Hello everyone, I am currently trying to launch a ...
# questions
Hello everyone, I am currently trying to launch a pipeline with the dask runner in a sort of distributed fashion (it's all on the same machine but there are several workers). I am facing a not so enjoyable issue which is that my dask workers are killed by the os (likely oom) AND I can't retrieve any logging information. So the logs are "displayed" on the workers side (is it possible to collect them from the workers and output/store/centralize them?) and the only message that I get is "KilledWorker: Attempted to run task <id task> on 3 different workers, but all those workers died while running it. The last worker was <ip:port>." But since the worker has been killed, (and a new one took its place) there's no way of reading those valuable pieces of information. How do you guys usually debug your app when using a dask runner? I've found a dask deployment page and a debug page in the kedro documentation but not a page that is merging those two, have I missed it? I must admit that I am kind of new to dask deployment so if it's a trivial subject, may I ask to be oriented towards pertinent documentation in that regard? Thank you all!

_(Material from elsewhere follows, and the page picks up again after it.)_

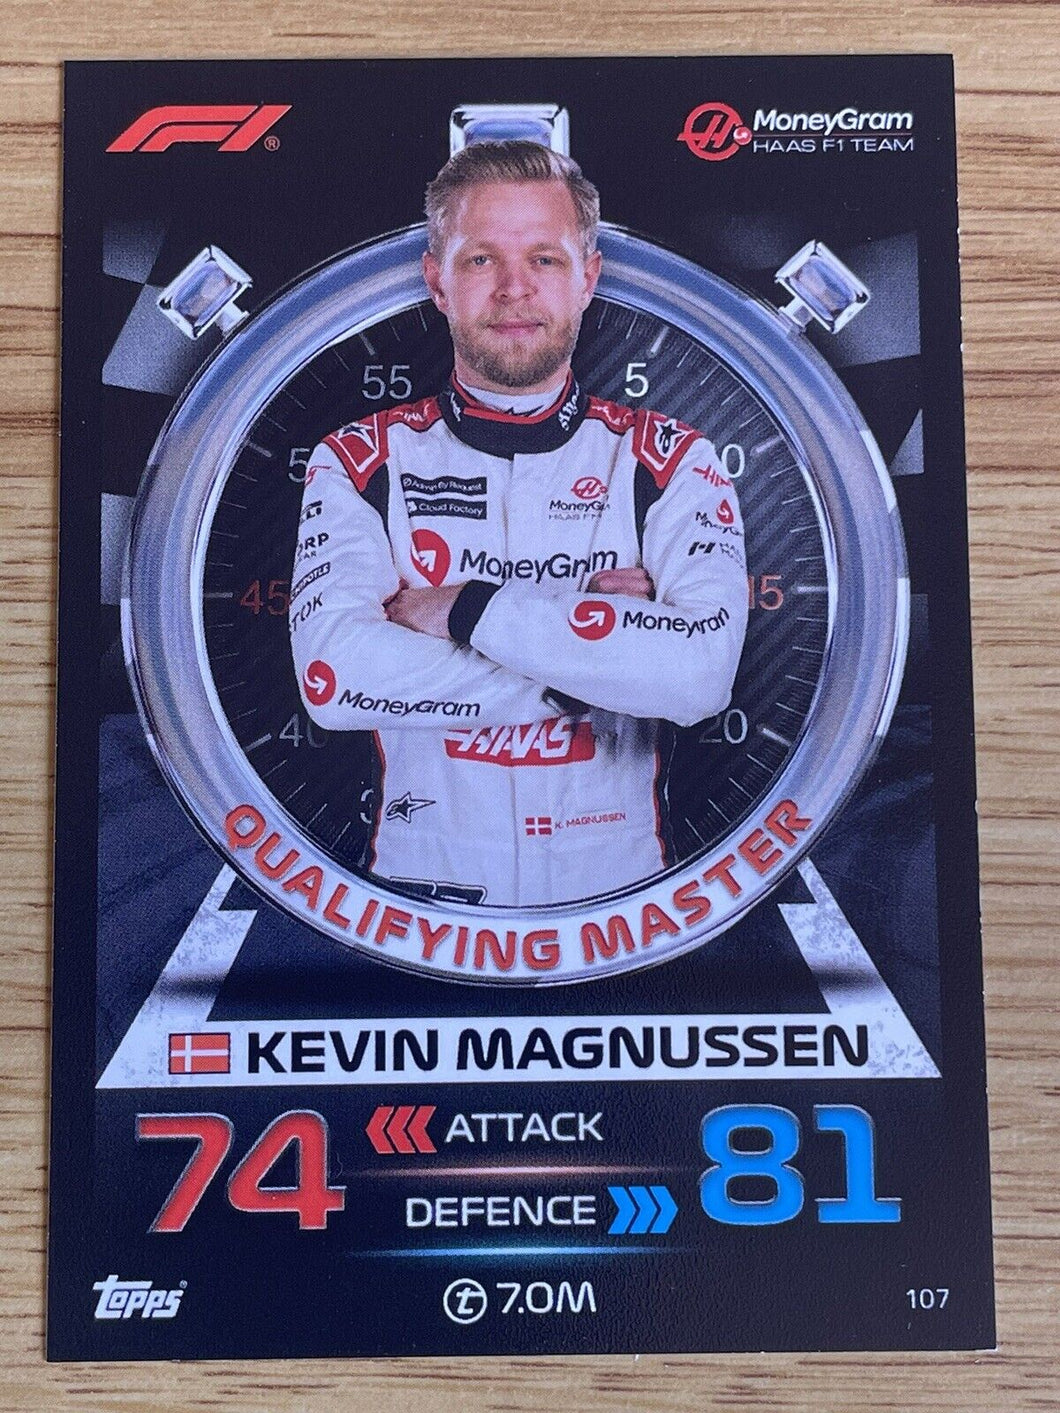 2023 - Turbo Attax - Trading Card - Kevin Magnussen - Qualifying Master - Card 107
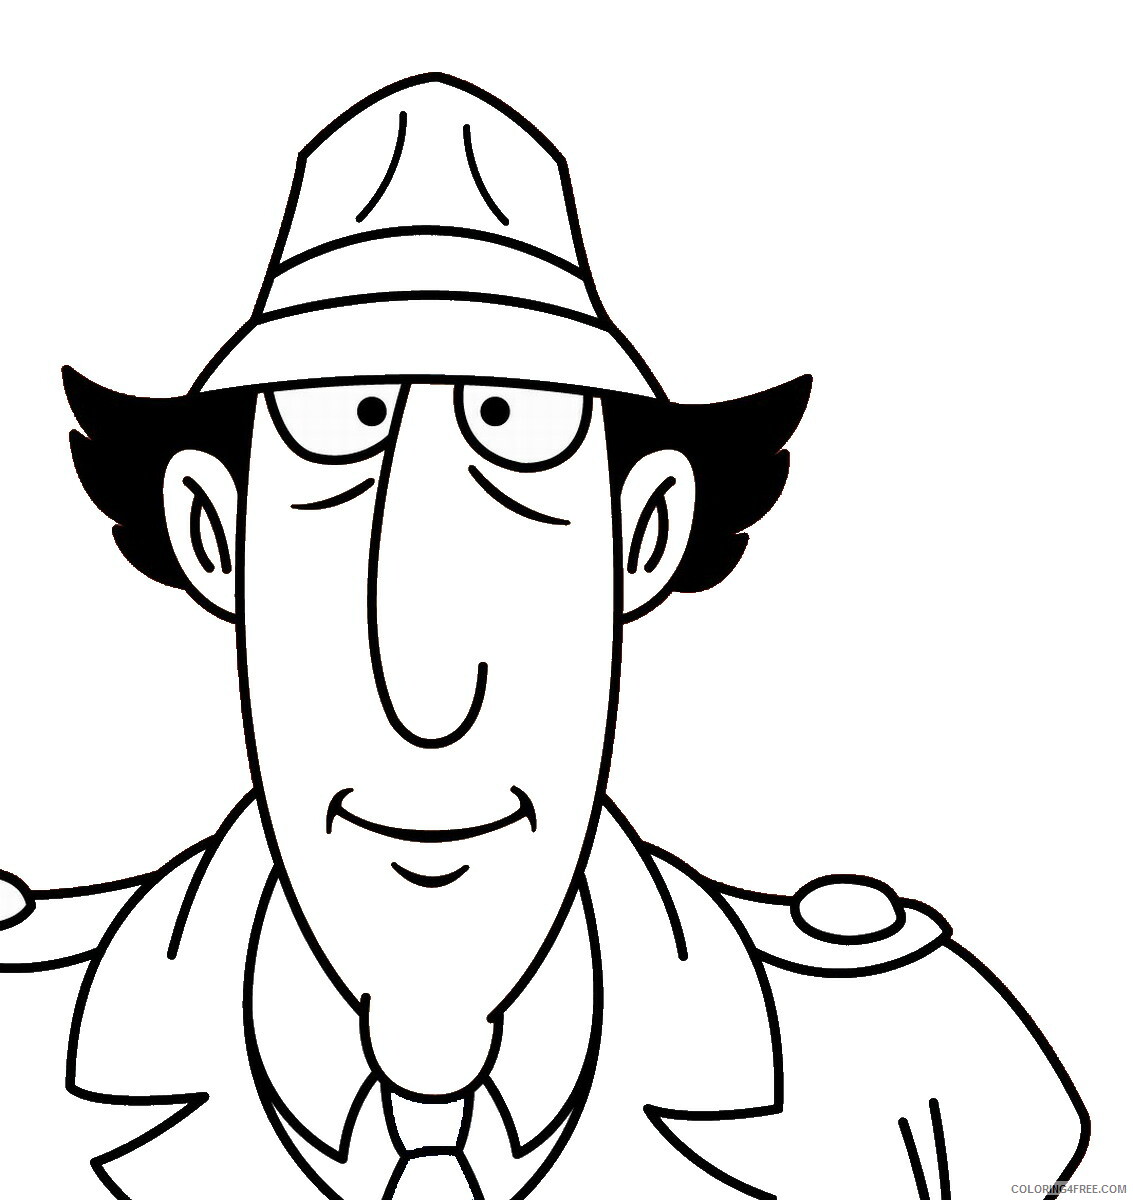 Inspector Gadget Coloring Pages TV Film inspector_gadget_15 Printable 2020 04008 Coloring4free

hi, I am inexperienced in Dask, but what you can do is to collect logs from dask nodes with for example https://www.fluentd.org/ and send them to a centralized monitoring system, as you said, to preserve the history and analyze them https://www.fluentd.org/dataoutputs If you have problems with the limited output or severity of your logs, you can create try to use such a configuration file https://docs.kedro.org/en/stable/deployment/dask.html#set-up-dask-and-related-configuration or try to simply pass the dask logging configuration as stated here https://docs.dask.org/en/stable/how-to/debug.html#logs (depending on the way you submit your runs)